= Robert William Schrier =

American medical researcher (1936–2021)

Robert William Schrier (1936 - January 23, 2021) was founding editor-in-chief of the magazine Nature Clinical Practice Nephrology. Schrier was formerly Chairman of the Department of Medicine at the University of Colorado School of Medicine for 26 years, and Head of the Division of Renal Diseases and Hypertension for 20 years. At the time of his death, he was Professor Emeritus at the University of Colorado School of Medicine. He died in Potomac, Maryland.

== Education ==
Schrier was born in Indianapolis, Indiana, where he graduated from Thomas Carr Howe High School in 1953; he then went to DePauw University where he received his bachelor's degree in 1957; and graduated with his MD in 1962 from Indiana University School of Medicine with Alpha Omega Alpha (AOA) honors. Residency in internal medicine at the University of Washington in Seattle. Fellowship at Harvard at the Peter Bent Brigham Hospital with George Thorn and David Lauler. He was a Fulbright Scholar (1957–58) and a Guggenheim Fellow (1986–87). Dr Schrier has been granted honorary degrees from DePauw University, the University of Colorado, the University of Silesia, and the Medical College of Ohio.

== Affiliations ==
Schrier was at various times President of the Association of American Physicians; the American Society of Nephrology; the National Kidney Foundation; and the International Society of Nephrology. Schrier was a Master of the American College of Physicians and an Honorary Fellow of the Royal College of Physicians. He was elected to the National Academy of Medicine (formerly Institute of Medicine) of the National Academy of Science.

== Scholarship ==
Schrier is the author of more than 1,000 scientific papers.

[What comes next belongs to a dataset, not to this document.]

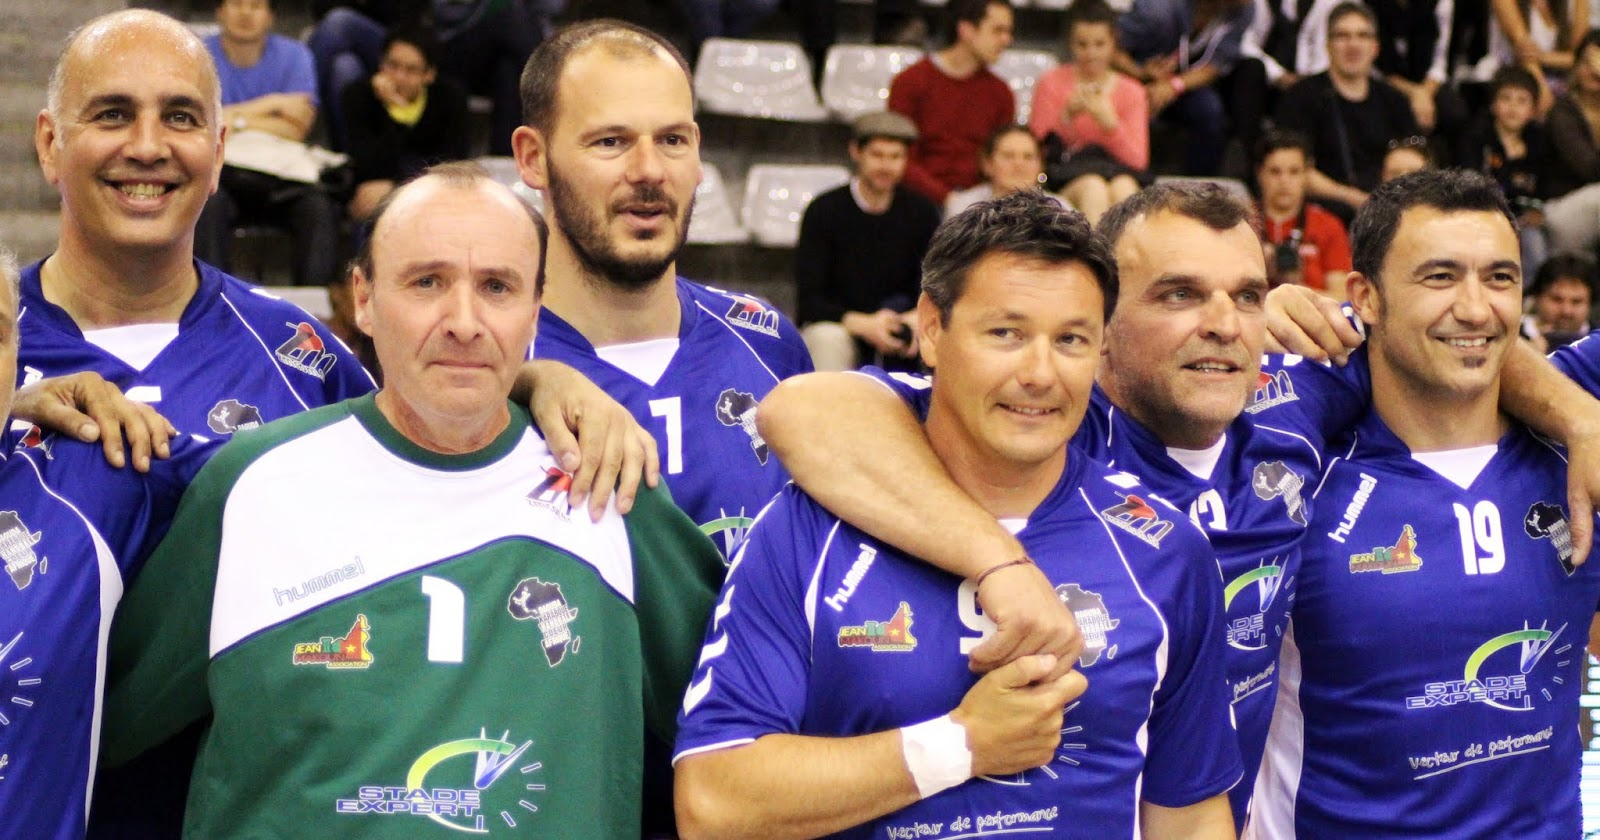 des barjots aux experts 20 ans de handball franais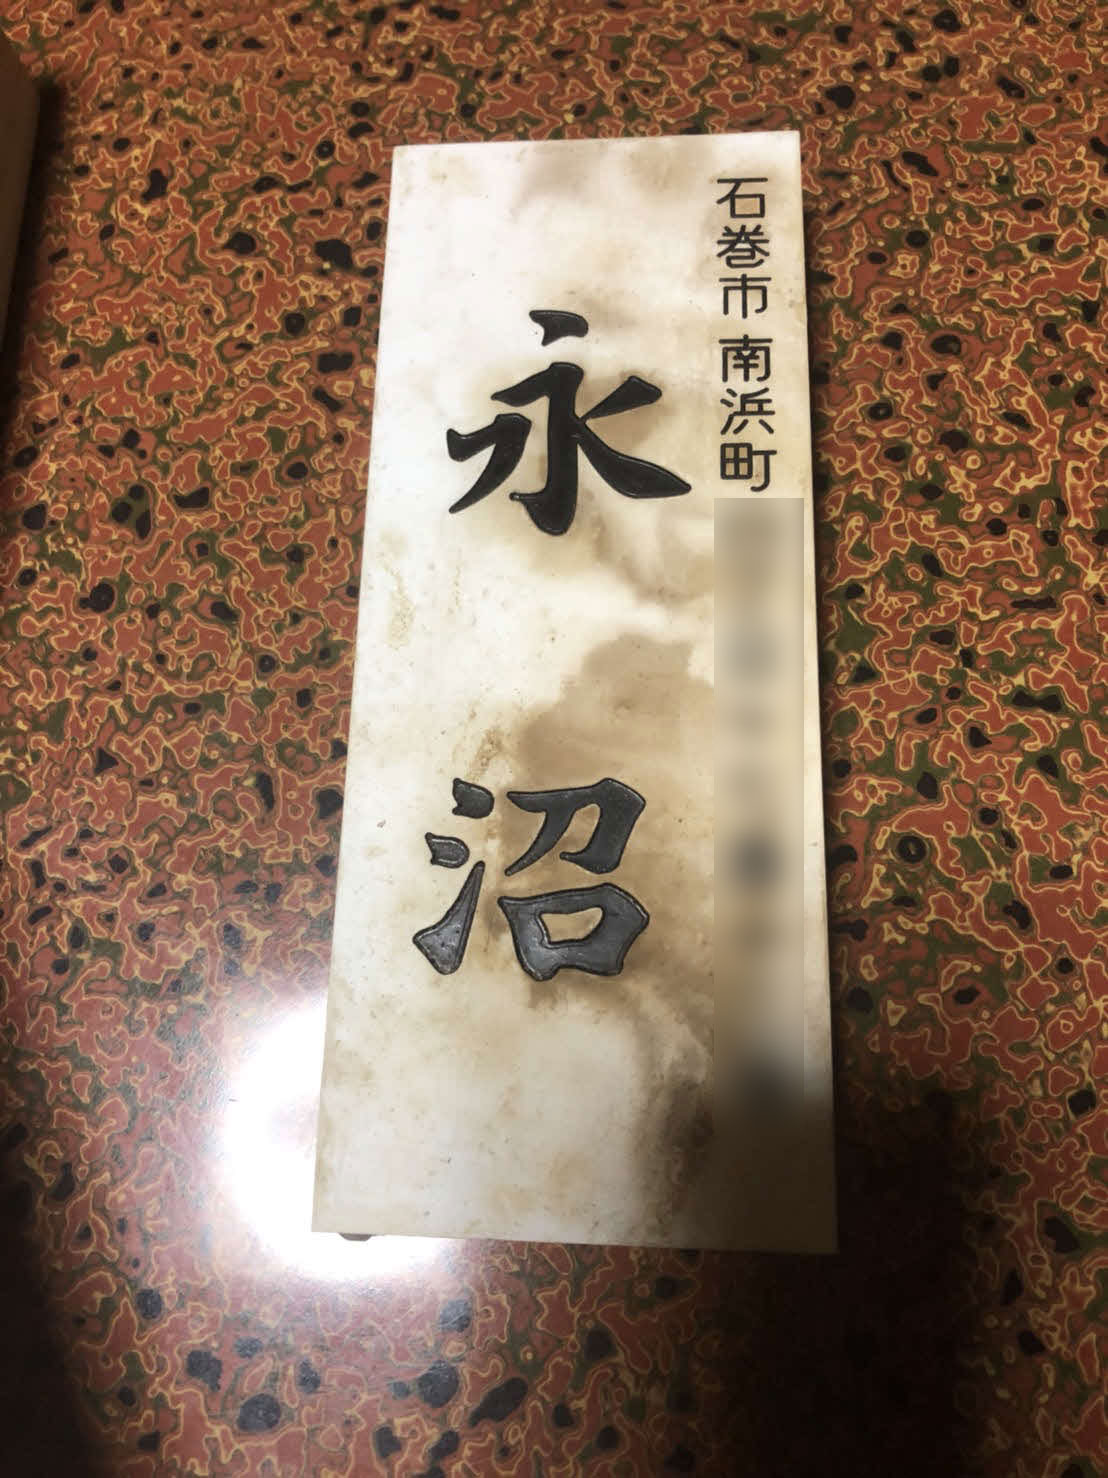 J1仙台永沼慎也主務の実家の表札

He was the editor of Diseases of the Kidney and Urinary Tract, Renal and Electrolyte Disorders, Manual of Nephrology and Essential Atlas of Nephrology and Hypertension. His research contributions center on autosomal dominant polycystic kidney disease, and pathogenesis of acute fluid volume in cirrhosis. cardiac failure, nephrotic syndrome, and pregnancy.

== Awards ==
Schrier received awards from the American College of Physicians (John Phillips Award); the National Kidney Foundation (David Hume Award); the American Society of Nephrology (John Peters Award); the International Society of Nephrology (Jean Hamburger Award); the German Society of Nephrology (Franz Vollhard Award); the Western Society of Clinical Investigation (Mayo Soley Award); the Association of Professors of Medicine (Robert H Williams Award); the American Kidney Fund (National Torchbearer Award); the Association of American Physicians (Francis Blake Award); the Acute Renal Failure Commission (Bywaters Award); the New York Academy of Medicine (The Edward N Gibbs Memorial Award); the University of Strasbourg (Pasteur Medal); as well as the Grand Hamdan International Award for Medical Sciences; and the Alexander von Humboldt Research Award for his contributions to biomedical research, education, and clinical medicine; Indianapolis Public Schools 2007 Hall of Fame inductee. DePauw University Distinguished Alumni Award (1980), Silver Anniversary Achievement Award (1982), and Distinguished Alumnae Award for Profession Achievement (2001). Indiana University School of Medicine Distinguished Alumnus Award (2002). The American Heart Association awarded him the Eugene Braunwald Academic Mentorship Award in 2012.

==Sports==
At DePauw University he was three times all Conference (Butler, Valparaiso, Indiana State, Ball State, and Evansville) in both basketball and baseball. His four-year 20 points/game conference average in basketball stood for 30 years and still stands at DePauw. Schrier was elected to the DePauw University Athletic Hall of Fame (1986) and the Indiana Basketball Hall of Fame in 2004.

==Other publications==
Schrier published the book Profiles of American Presidents in the Twentieth Century: Merits and Maladies in 2011. The illnesses of seventeen United States Presidents in the twentieth century are analyzed and described accordingly to the periods of their administration. In 2012 he published, Moral Courage: Abraham Lincoln, Mahatma Gandhi, Nelson Mandela, and Martin Luther King, Jr. about these four freedom fighters whose common enemy was injustice and inequality. In 2014, he published Life's Lessons Learned: My Memoir.